The first time I read The Outsiders by S.E. Hinton was in 1990, when I was in the seventh grade. I checked it out of the library for a book report. I don’t remember why I picked that novel. I wasn’t a big reader at the time, so maybe someone recommended it to me, or maybe it was on a list of options, and I chose it based on the title. I don’t know. I don’t even actually remember reading it, though I know I did and liked it. Honestly, only two things stand out about the experience: the movie and the cover of my book report.
I remember renting the movie on VHS and watching it with my parents. I can vividly picture laying on the living room floor in front of the television, watching the rumble scene. My mom had told me there were a lot of famous actors in it, including Tom Cruise. I had a big crush on him at the time (I was obsessed with Top Gun) so I couldn’t wait to see it. I remember liking the movie but being extremely disappointed with Tom Cruise’s role.
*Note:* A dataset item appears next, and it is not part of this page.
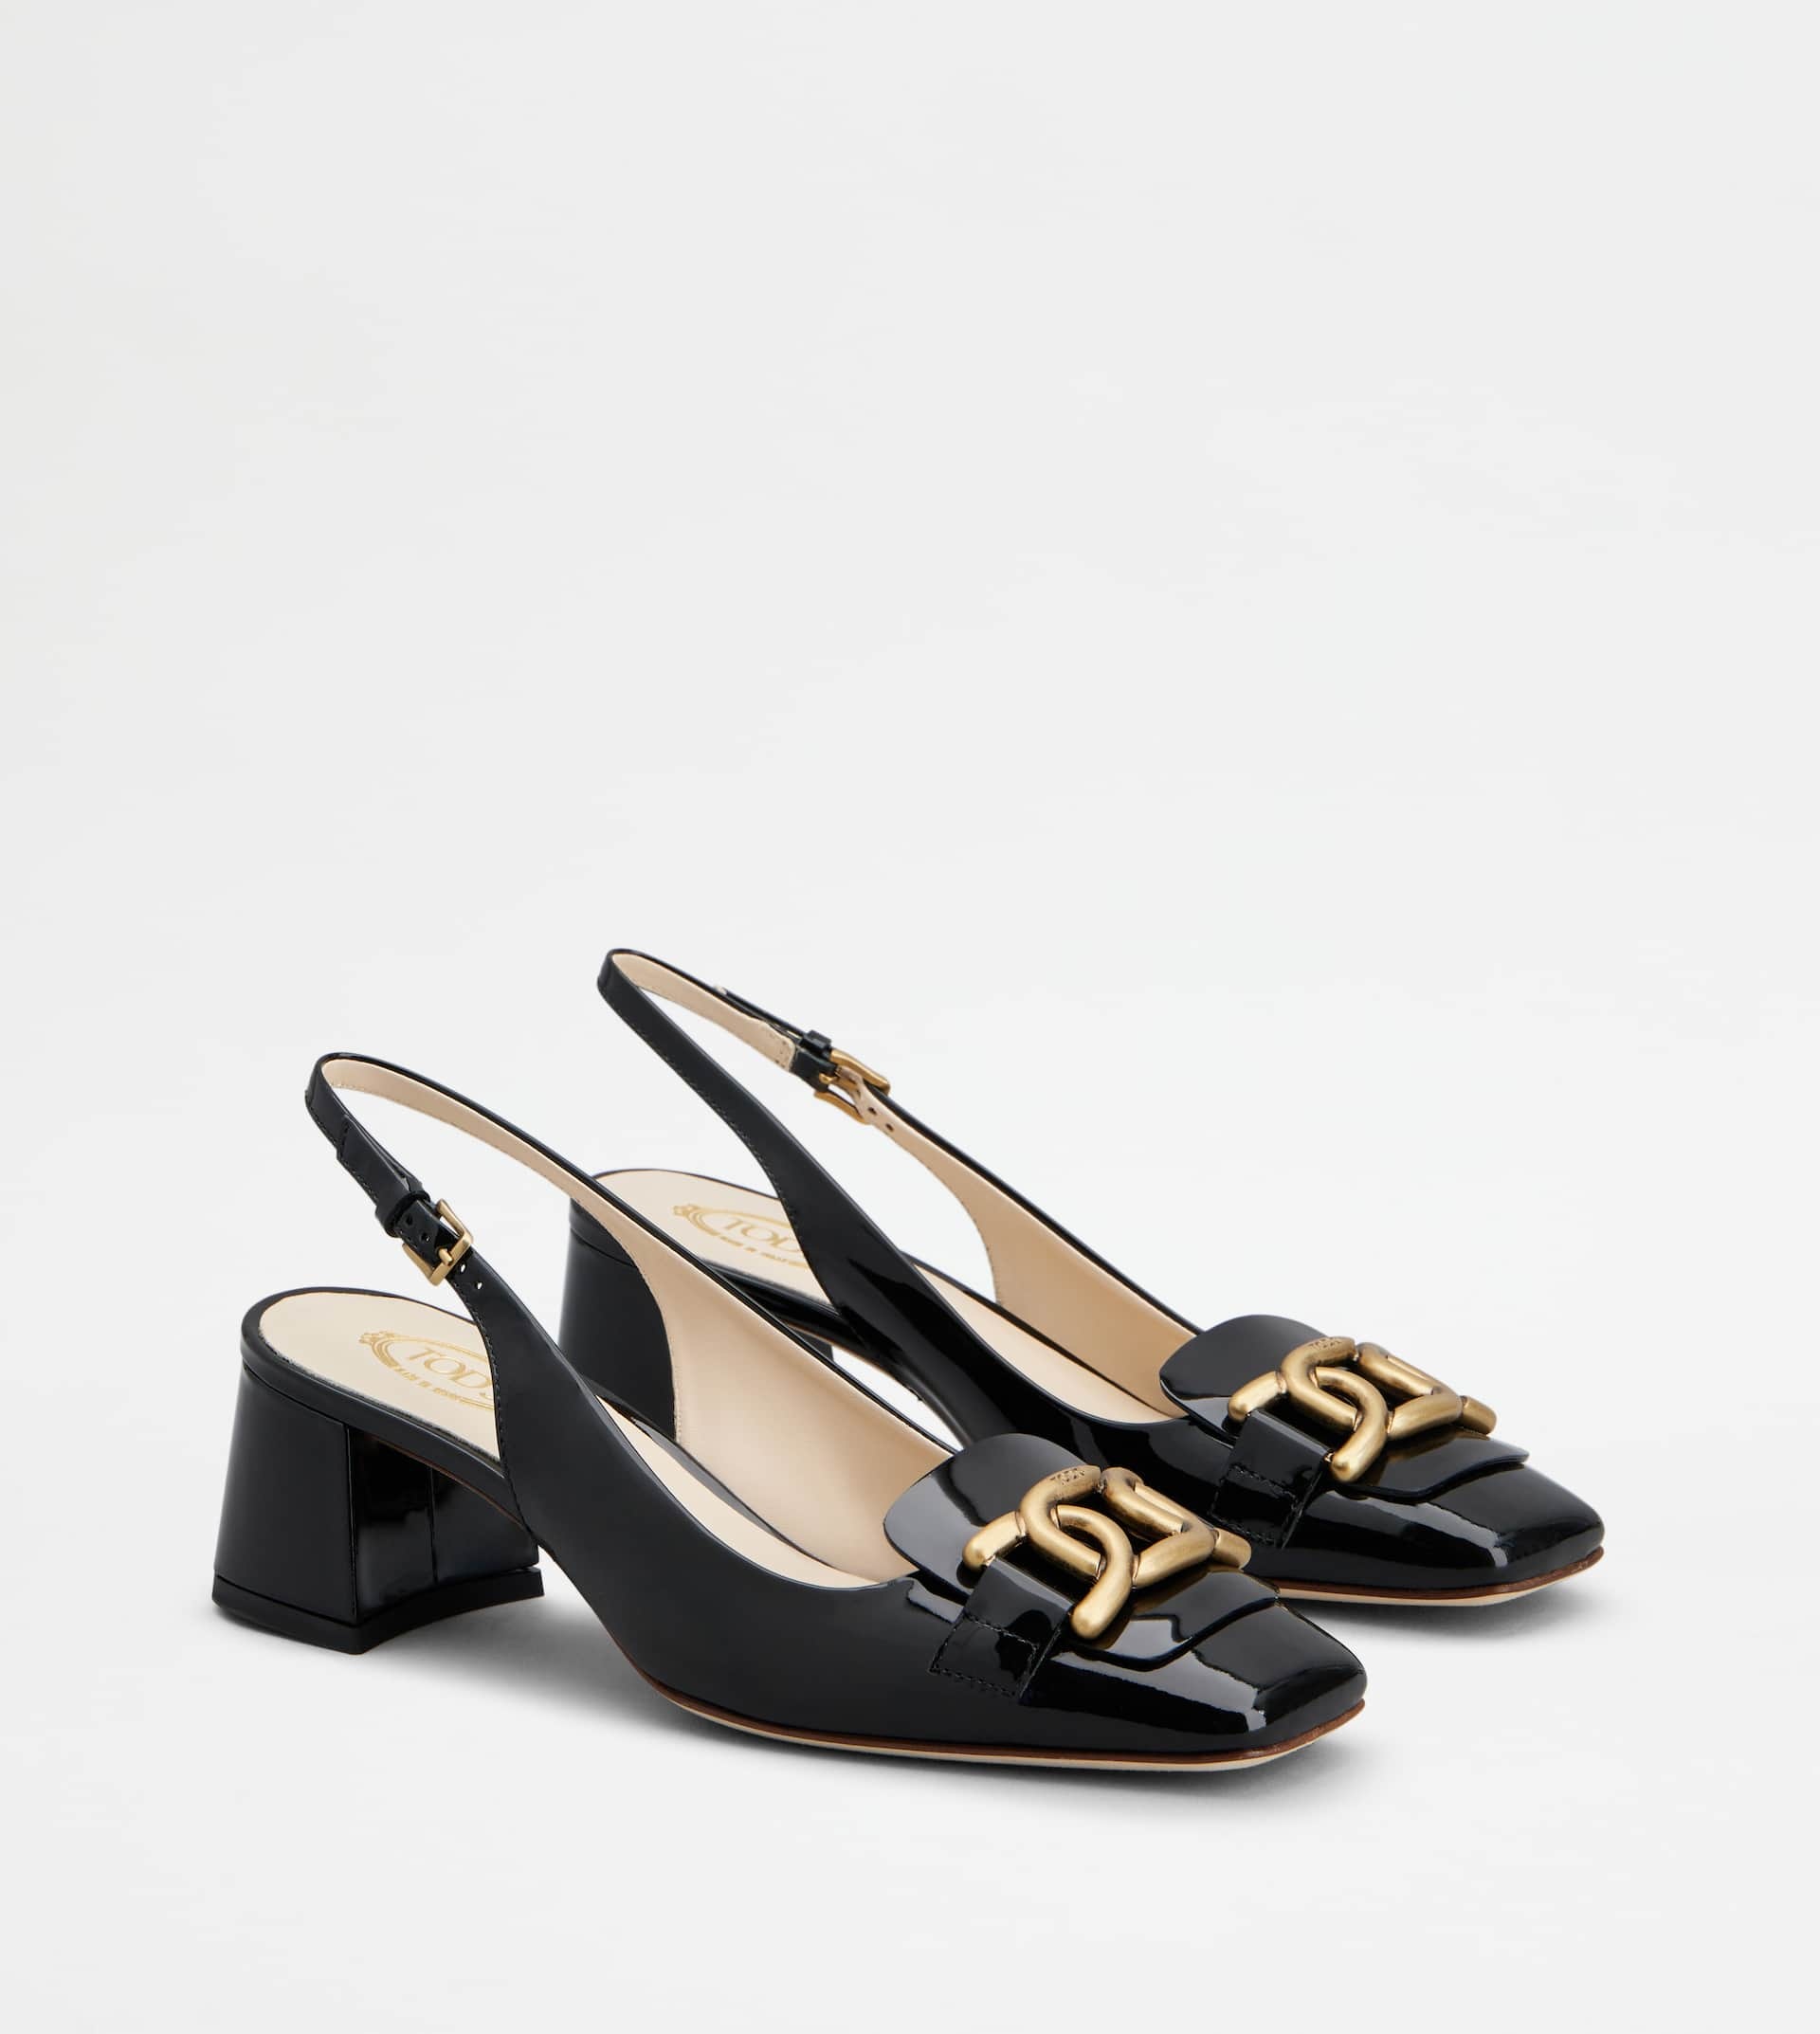 KATE SLINGBACK PUMPS IN PATENT LEATHER - BLACK - 3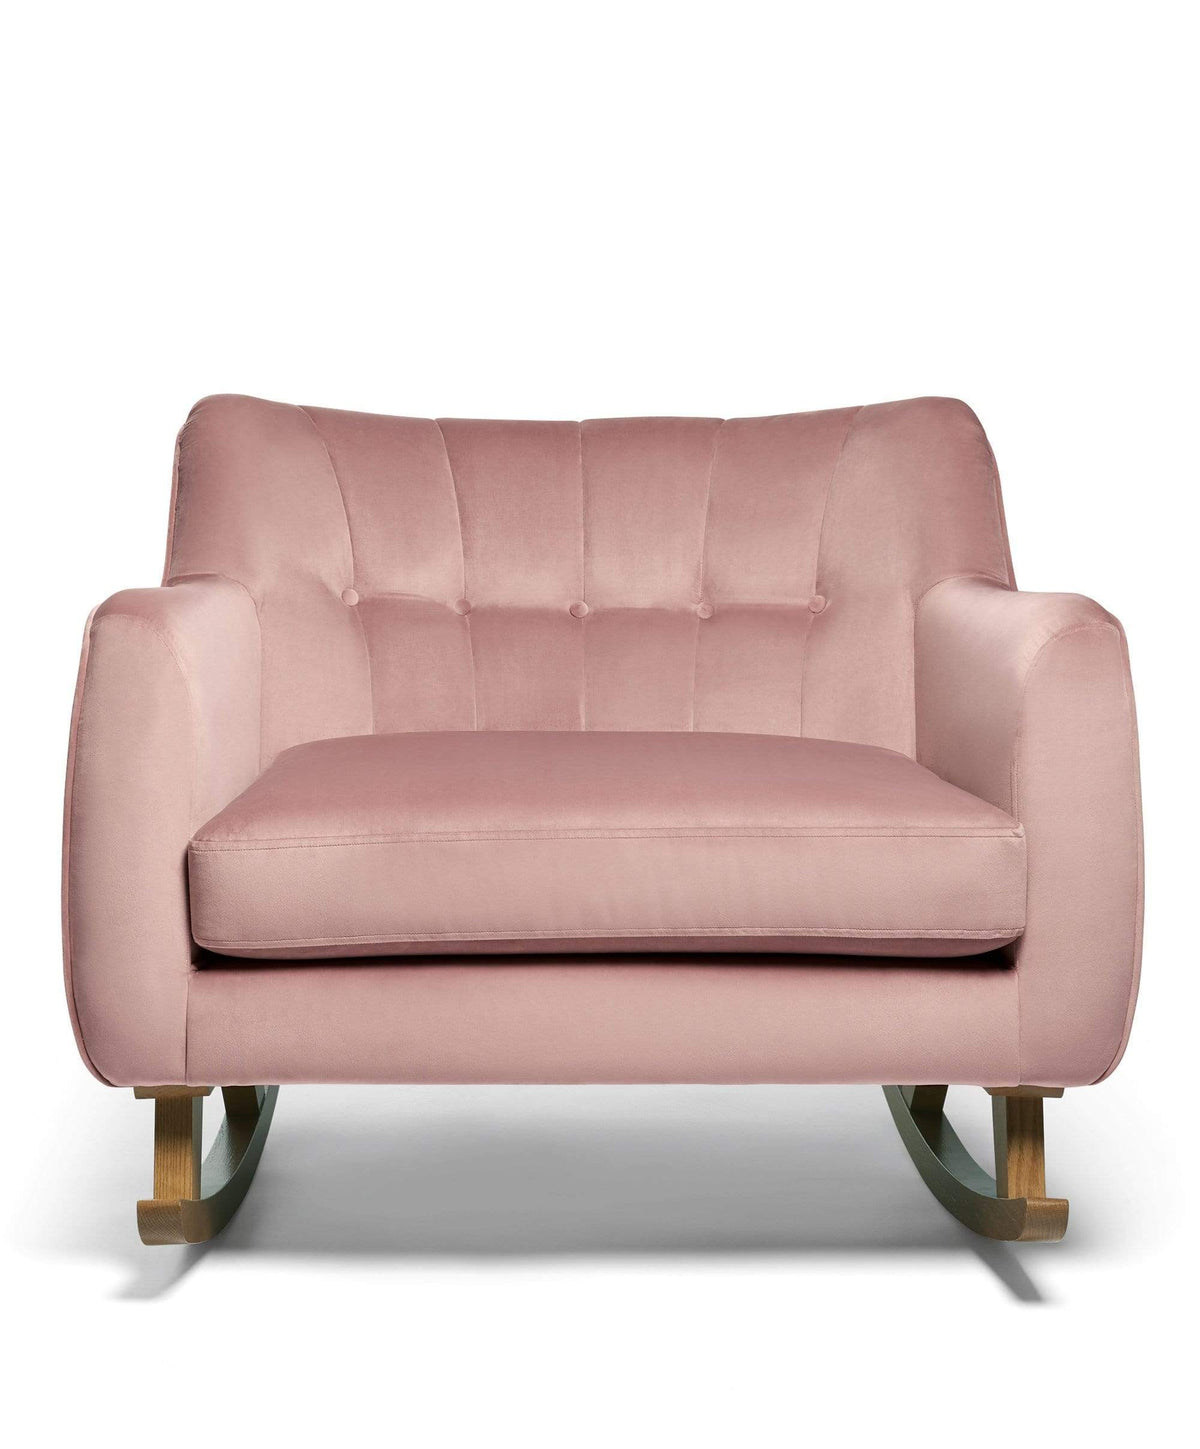 NEW Blush Pink Sofas are Here! – Snug

I have no idea what I wrote in my book report, but I remember the cover. I drew a big, pretty house with lots of windows and curtains, and in front of it, I drew a tall wooden fence. My English teacher, Coach Day, took off points for my cover, writing something like, “What does this have to do with the book?” in his comments. I was embarrassed that he didn’t get it and too shy at the time to explain myself. I guess he was expecting greasers and switchblades, but I drew my cover from the point of view of the main characters. They were outside the fence, separated from the big nice house. I loved Coach Day, but my symbolism was apparently lost on him.
Nine years passed before I came across Ponyboy and his gang again. I had just graduated from college and was about to start my teaching career, so I was brushing up on the novels I’d be reading with my seventh graders. The Outsiders was one of them. I bought a copy and read it again.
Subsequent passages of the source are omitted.